Searce Empowers Financial Advisors: Revolutionizing Client Service with AI-Powered Document Retrieval

Challenges

A financial advisory firm relied on manual processes for document retrieval and information extraction. These processes lead g to several operational challenges such as:

  • Time-Consuming and Labor-Intensive retrieval: Retrieving information from documents involved manual searching and scanning, which consumed significant time and effort.
  • Structured Knowledge: Used Amazon S3 to store extracted text in an organized format.
  • Low accuracy: Manual methods often resulted in inconsistencies and inaccuracies in information retrieval, impacting decision-making and client interactions.
  • Reduced efficiency: The reliance on manual processes hampered operational efficiency, causing delays in accessing critical information needed for client servicing and compliance purposes.
  • Unscalability: As the volume of documents grew, manual processes became increasingly unsustainable, leading to scalability challenges and potential bottlenecks in workflow.
  • Manual oversight: Manual retrieval increased the risk of missing critical regulatory information, potentially leading to compliance issues and legal ramifications.
Searce Solution

Searce provided a solution that leveraged AWS services including Amazon Textract, Comprehend, SageMaker, S3, and AWS Lambda, integrating them to create a seamless document-scanning chatbot powered by the Amazon Bedrock model.
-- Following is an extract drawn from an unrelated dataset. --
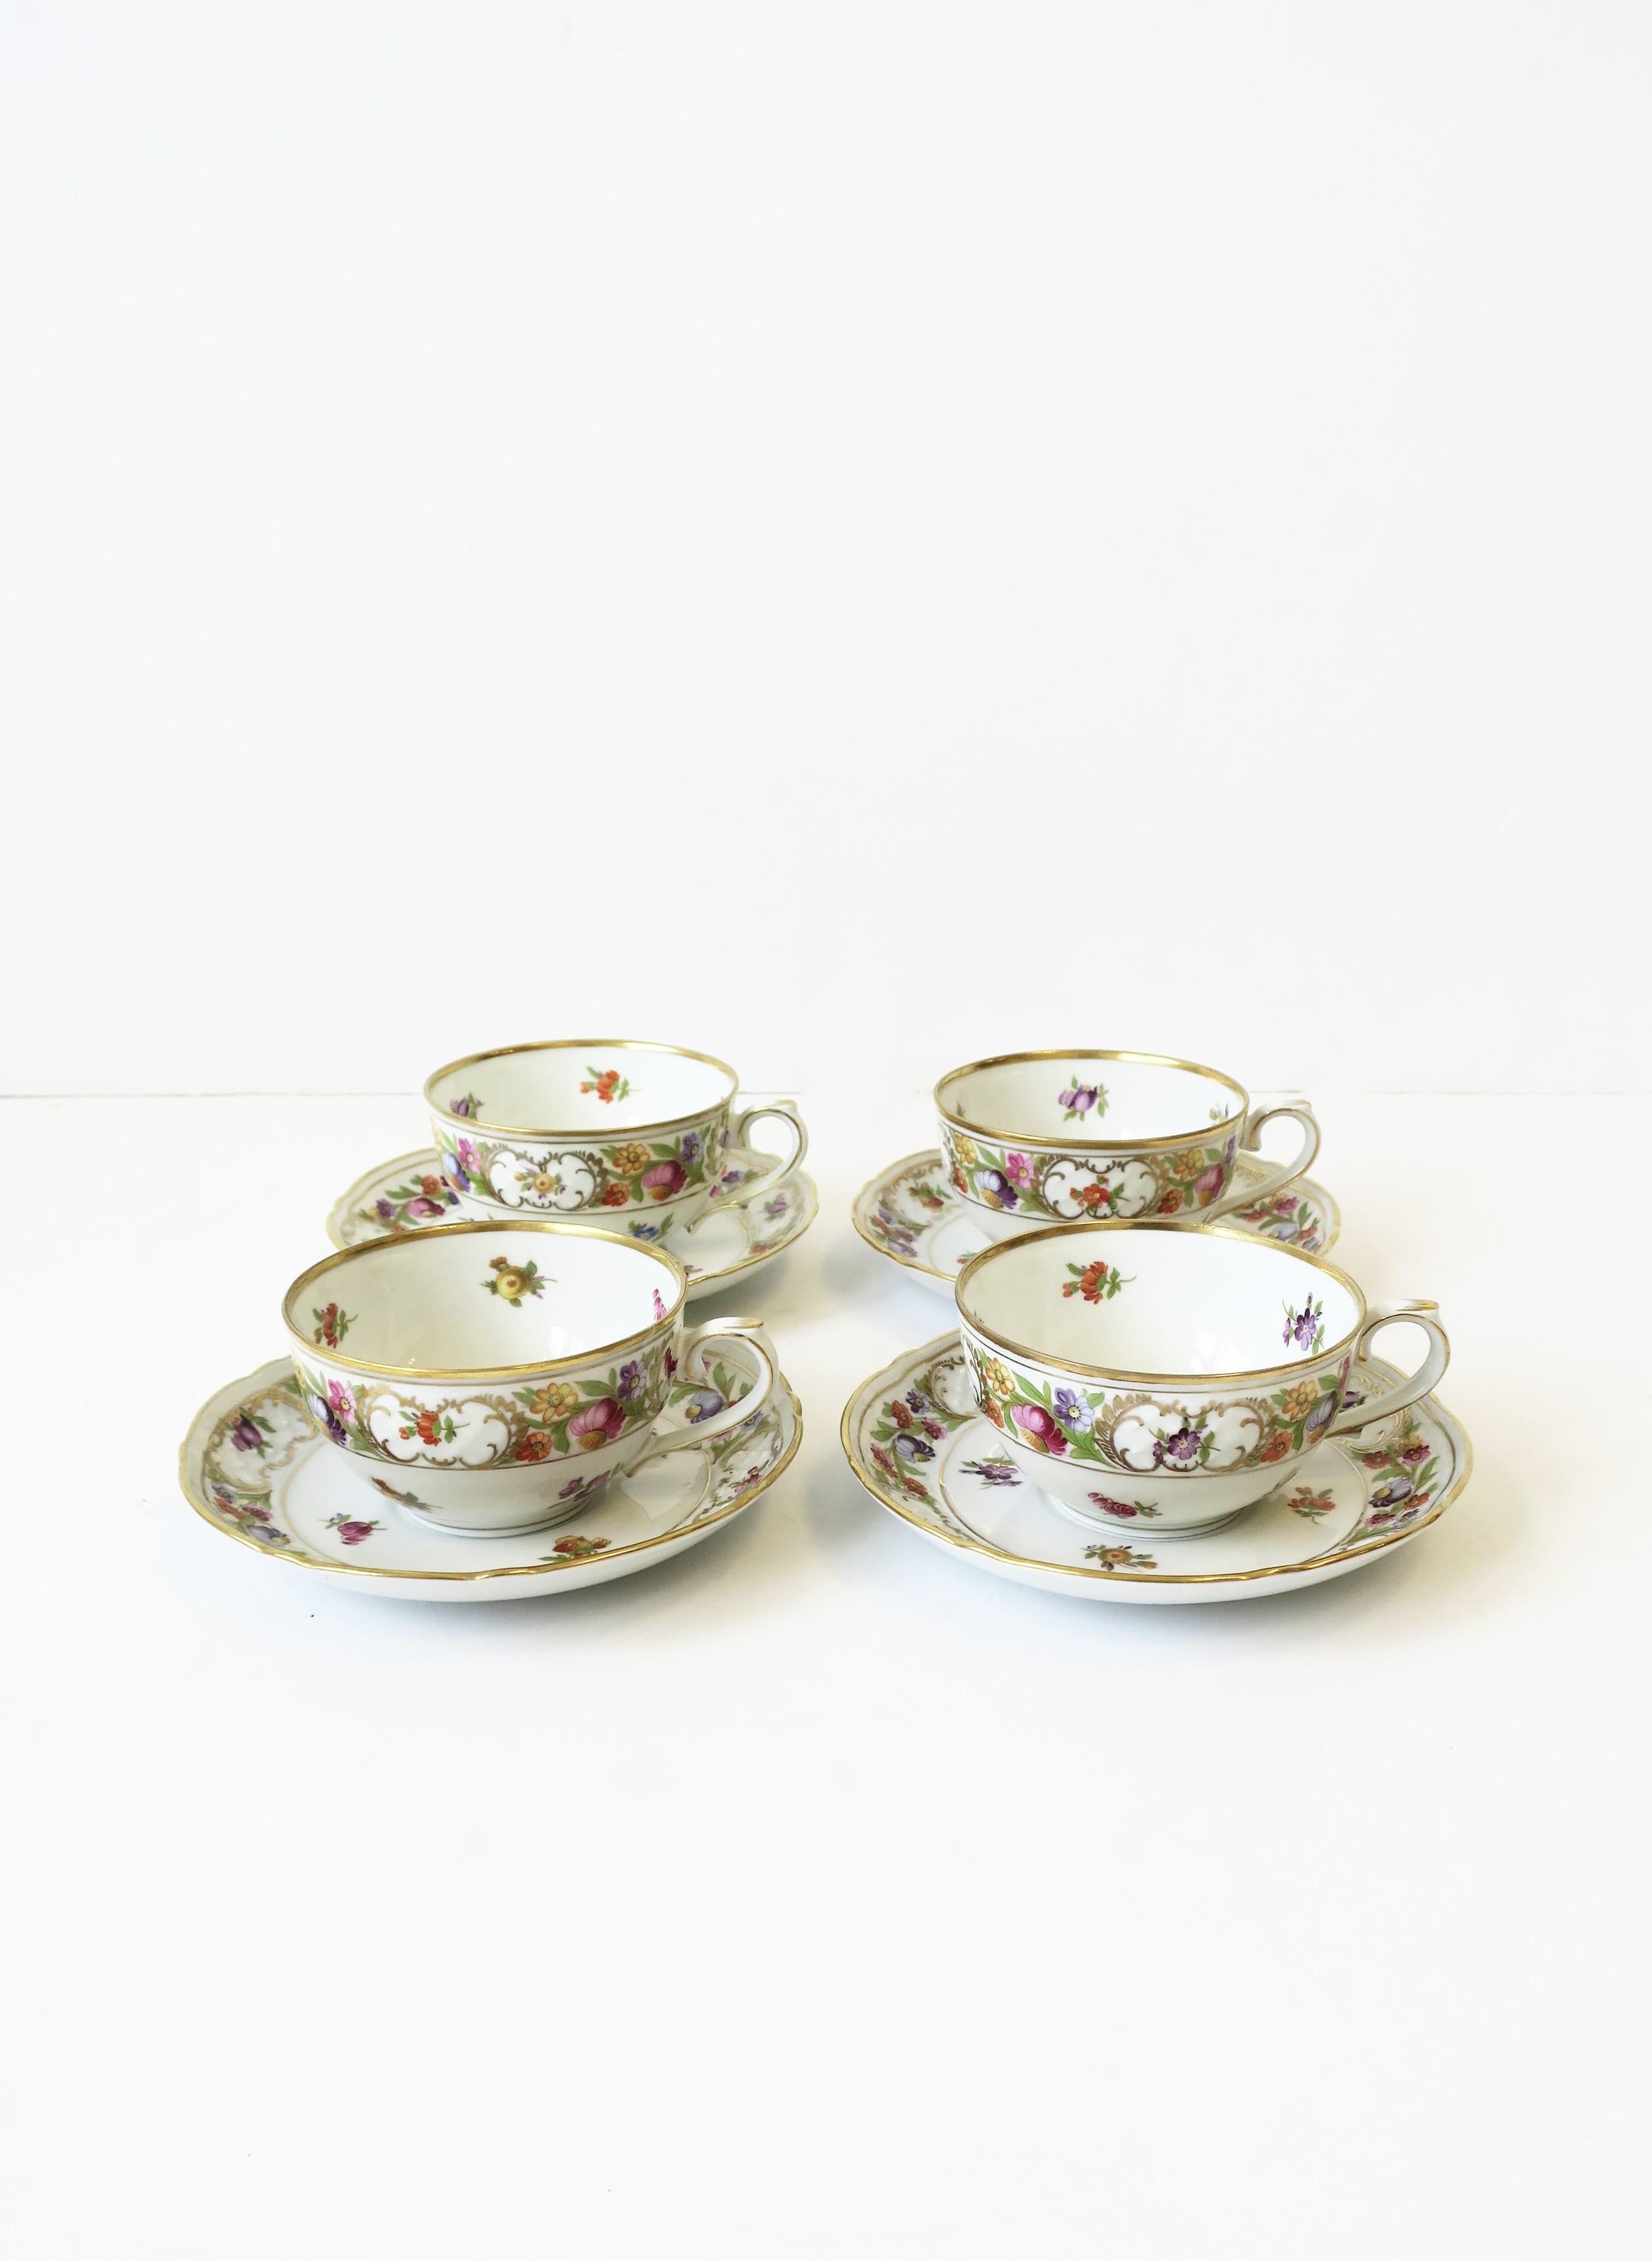 20th Century German Porcelain Coffee or Tea Cup and Saucer, Set of 4 For Sale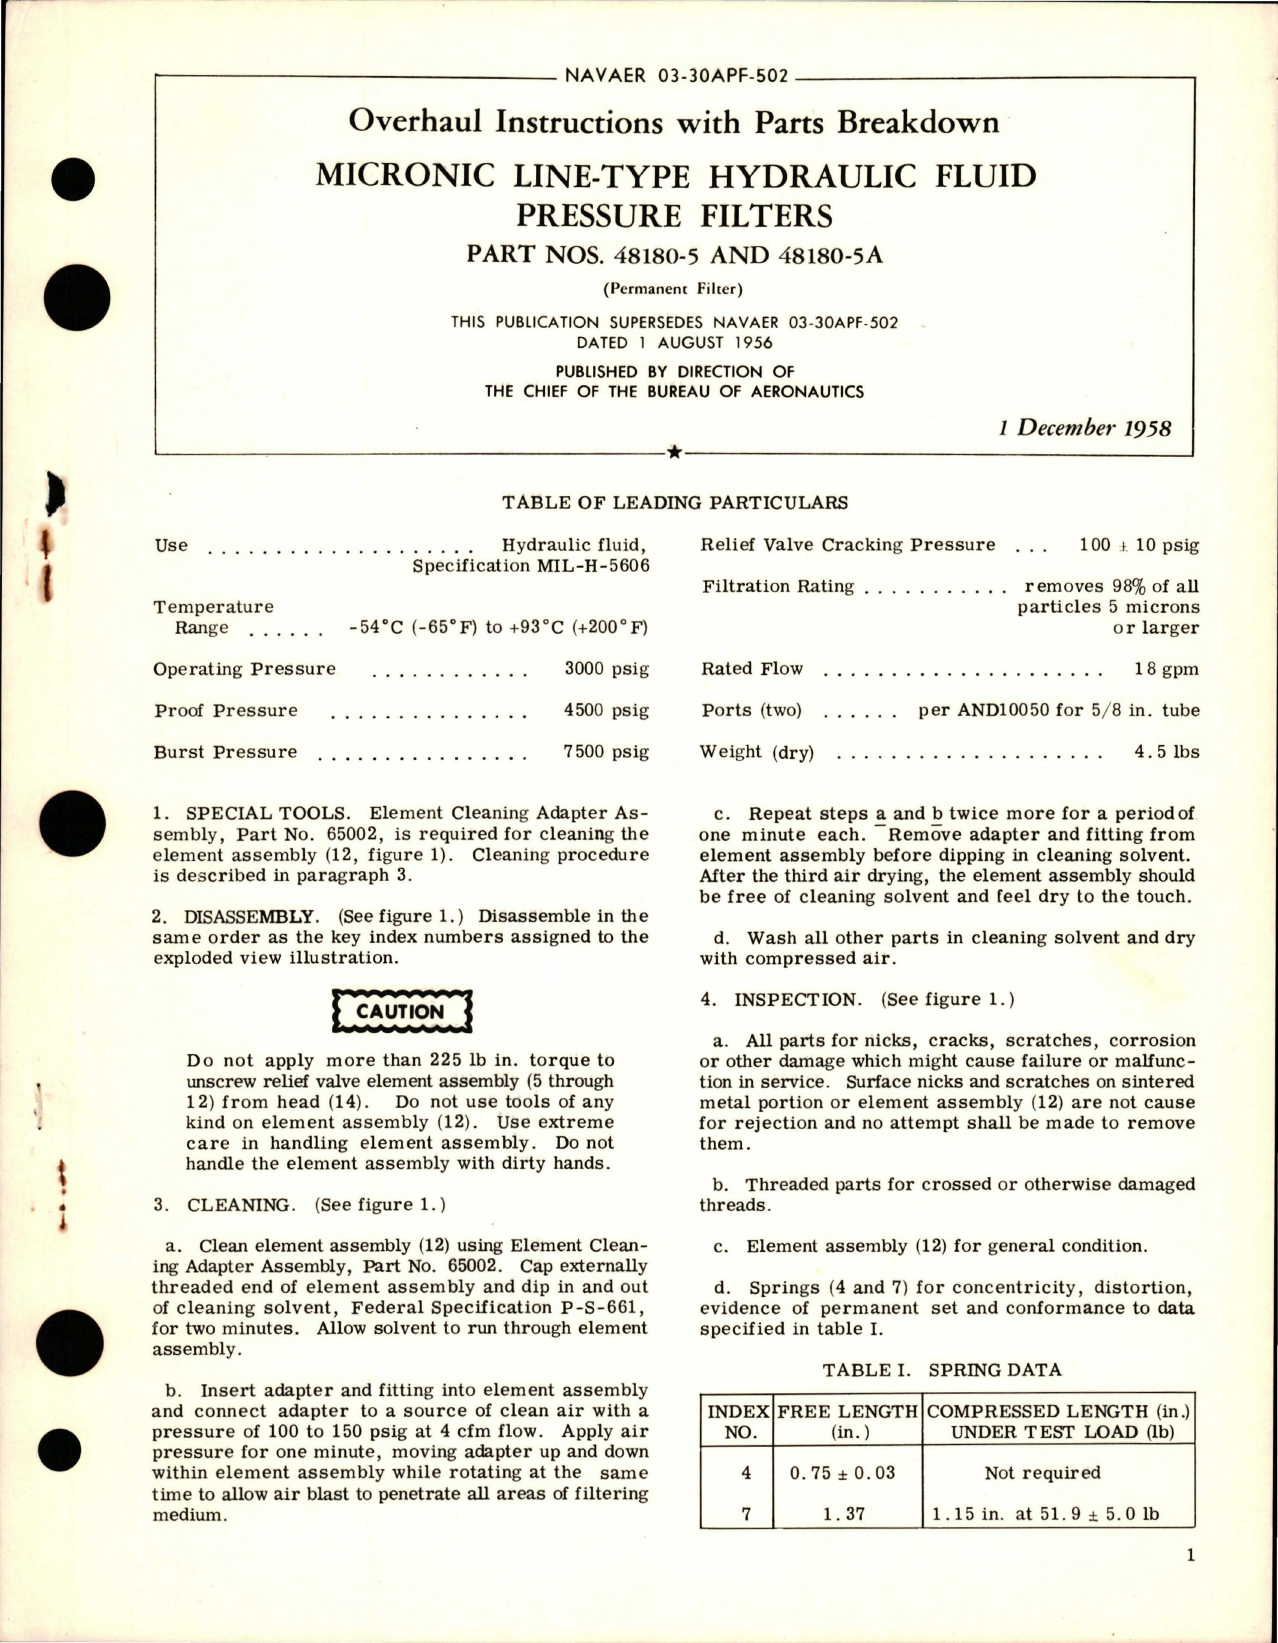 Sample page 1 from AirCorps Library document: Overhaul Instructions with Parts Breakdown for Micronic Line-Type Hydraulic Fluid Pressure Filters - Parts 48180-5 and 48180-5A

This helped achieve:

  • Secure and scalable document storage: Documents are securely stored in Amazon S3, ensuring easy accessibility and scalability.
  • Automated text & data extraction: Amazon Textract is utilized to extract text and structured data from scanned documents stored in Amazon S3.
  • Intent-Driven document search: Amazon Comprehend processes user queries to understand the intent and extract key entities for accurate document retrieval.
  • Custom AI model for advanced retrieval: The Amazon Bedrock model, specialized in document analysis and information retrieval, is trained and deployed on Amazon SageMaker.
  • Automated workflow orchestration: AWS Lambda functions orchestrate the workflow, invoking the deployed Amazon Bedrock model based on user queries submitted through Amazon Lex.
  • Intelligent information retrieval with chatbot: Upon identifying the document(s) containing the relevant information, the chatbot retrieves and highlights specific sections for the user.
  • Seamless integration & user interface: Integrated the chatbot with the financial advisory firm's existing systems to provide a user-friendly interface for seamless interaction and retrieval of document-based information..
Business Impact
  • Effortless information retrieval: The automated chatbot significantly reduces the time and effort required to retrieve information from documents.
  • AI powered precision: Utilizing the Amazon Bedrock model ensures precise extraction and retrieval of relevant data points.
  • Enhanced User Experience: Users benefit from quick and accurate responses to their queries, improving overall satisfaction and productivity.

Our solution empowered the financial advisory firm to revolutionize client service through intelligent document retrieval. By leveraging AI and automation, they are now able to focus on client relationships, while maximizing efficiency and ensuring compliance.